There is a $\mathbb{Z}$-split, $\mathbb{Z}G$-exact sequence $0\to\mathbb{Z}\to X$, where $X$ is $\mathbb{Z}$-free and $pd_{\mathbb{Z}G}X<\infty$.

However, I can't figure out how to prove $(ii)\Longrightarrow(i)$.

Any help or suggestions would be greatly appreciated.

Thank you.

Edit: There is a mistake in the original question. $(i)$ and $(ii)$ have been interchanged.

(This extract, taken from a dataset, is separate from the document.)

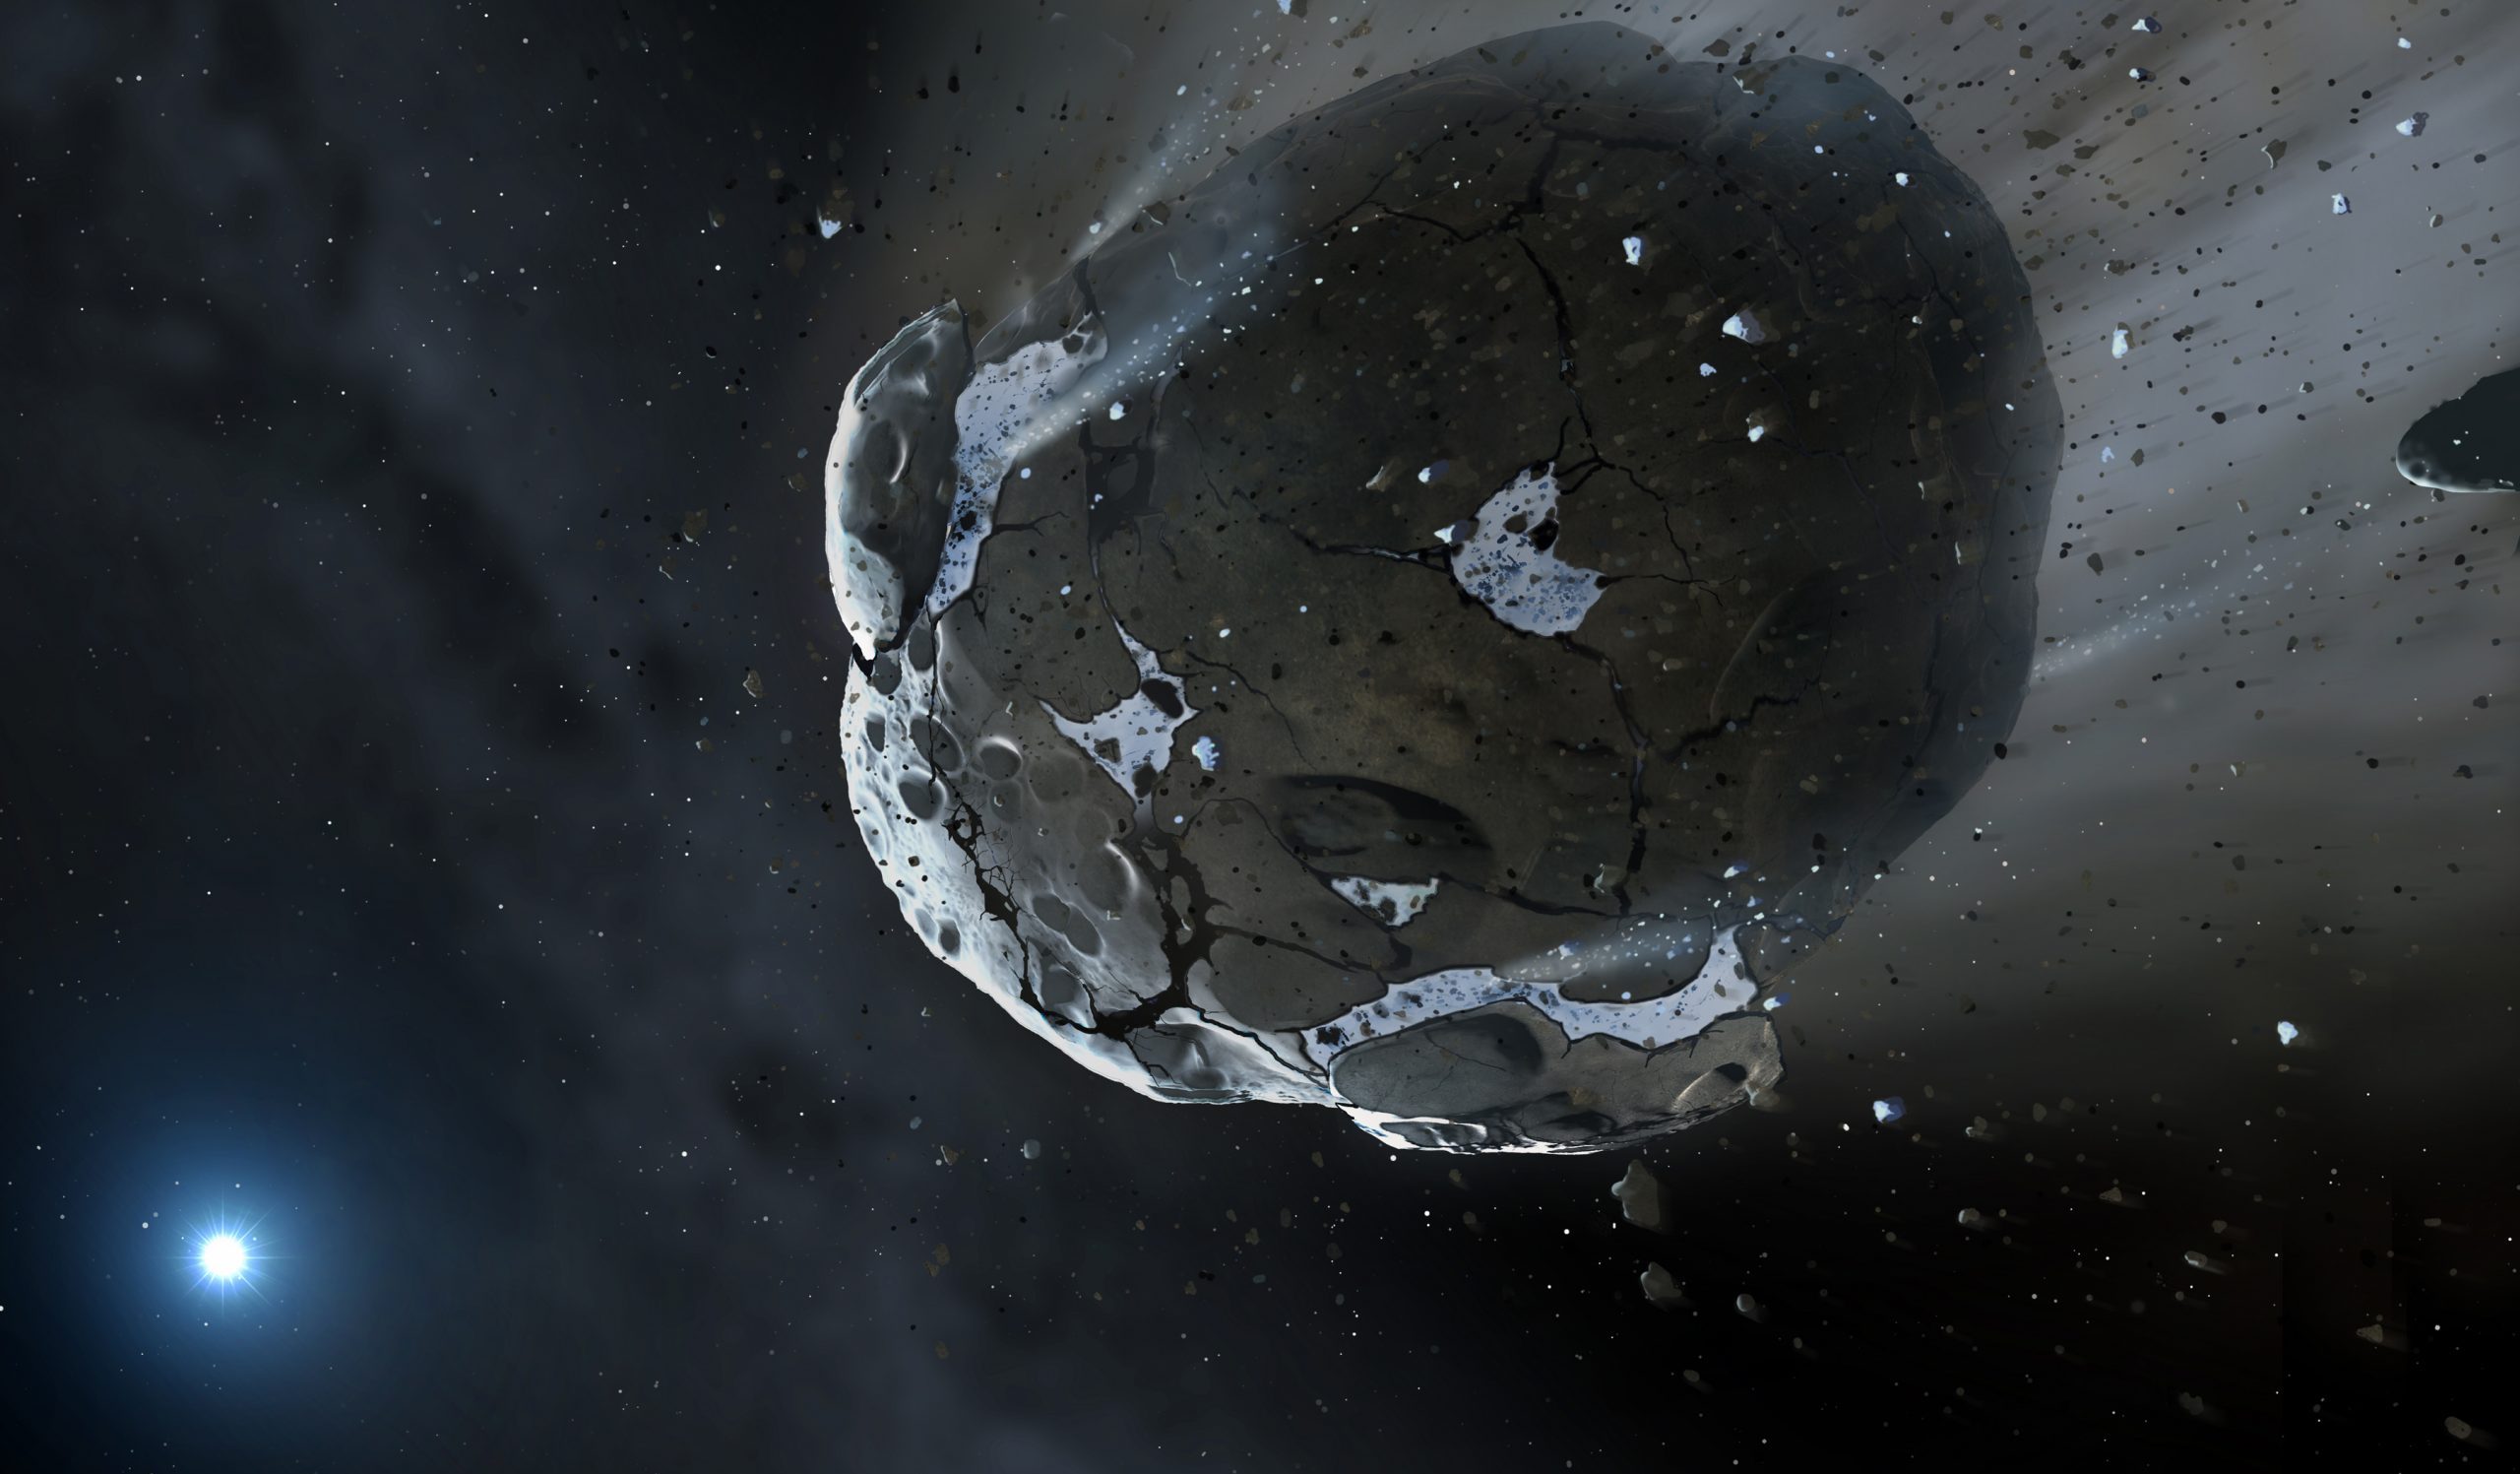 Artist's impression of an asteroid or a comet like Bernardinelli-Bernstein. Credit: Mark A. Garlick, space-art.co.uk, University of Warwick and University of Cambridge

Actually, the fact that the periodicity isomorphisms are induced by cup product with an element $g\in H^q(G,\mathbb{Z}$ is equivalent to the existence of a $q$-extension $0\to\mathbb{Z}\to X\to P_{q-2}\to\ldots\to P_0\to\mathbb{Z}\to0$ where $P_i$ is a projective $\mathbb{Z}G$-module for every $i=0,1,\ldots,q-2$ and $pd_{\mathbb{Z}G}X<\infty$

while

$spliG<\infty$ is equivalent to the existence of a $\mathbb{Z}$-split, $\mathbb{Z}G$-exact sequence $0\to\mathbb{Z}\to X$, where $X$ is $\mathbb{Z}$-free and $pd_{\mathbb{Z}G}X<\infty$.

So, the correct question is how to prove that:

If $G$ has periodic cohomology with period $q$ after $k$ steps and $spliG<\infty$ then there exists a $q$-extension of the form $0\to\mathbb{Z}\to X\to P_{q-2}\to\ldots\to P_0\to\mathbb{Z}\to0$ where $P_i$ is a projective $\mathbb{Z}G$-module for every $i=0,1,\ldots,q-2$ and $pd_{\mathbb{Z}G}X<\infty$.

I apologize for the mix-up.

Answer 1

Let $P_\bullet \to \mathbb{Z}$ be a projective resolution as a $\mathbb{Z}[G]$-module, $\Delta : P_\bullet \to P_\bullet \otimes P_\bullet$ an approximation of the diagonal, and $\phi : P_\bullet \to \mathbb{Z}[q]$ be a chain map representing $g$. Then the chain map $$f : P_\bullet \overset{\Delta}\to P_\bullet \otimes P_\bullet \overset{Id \otimes \phi}\to P_\bullet \otimes \mathbb{Z}[q] = P_\bullet[q]$$ represents capping with $g$. Let $C_\bullet$ be the desuspension of the mapping cone of $f$, fitting into a SES $$0 \to P_\bullet[q-1] \to C_\bullet \to P_\bullet \to 0.$$ Then $C_\bullet$ is a chain complex of projective $\mathbb{Z}[G]$-modules, and the homology of $C_\bullet$ is $\mathbb{Z}$ in degrees 0 and $q-1$.

Let $X := C_{q-1}/d_q(C_{q})$, so there is a chain complex $$X \to C_{q-2} \to C_{q-3} \to \cdots \to C_0$$ and a resolution $$\cdots \to C_q \to C_{q-1} \to X \to 0.$$

The first chain complex is exact except at the top and bottom, leaving homology $\mathbb{Z}$ in degrees 0 and $q-1$. This establishes the first property and it remains to show that $X$ has finite projective dimension.

We can use the resolution to compute $Ext^n_{\mathbb{Z}[G]}(X, Y) = H_{n+q-1}(Hom_{\mathbb{Z}[G]}(C_\bullet, Y))$ for $n > 0$. But the latter is the relative term in a LES whose other terms are $$- \smile g : H^i(G ; Y) \to H^{i+q}(G ; Y).$$ By assumption this map is an isomorphism for $i > k$ and all $Y$, so $Ext^n_{\mathbb{Z}[G]}(X, Y)=0$ for $n$ large enough and all $Y$. This means that $X$ has finite projective dimension.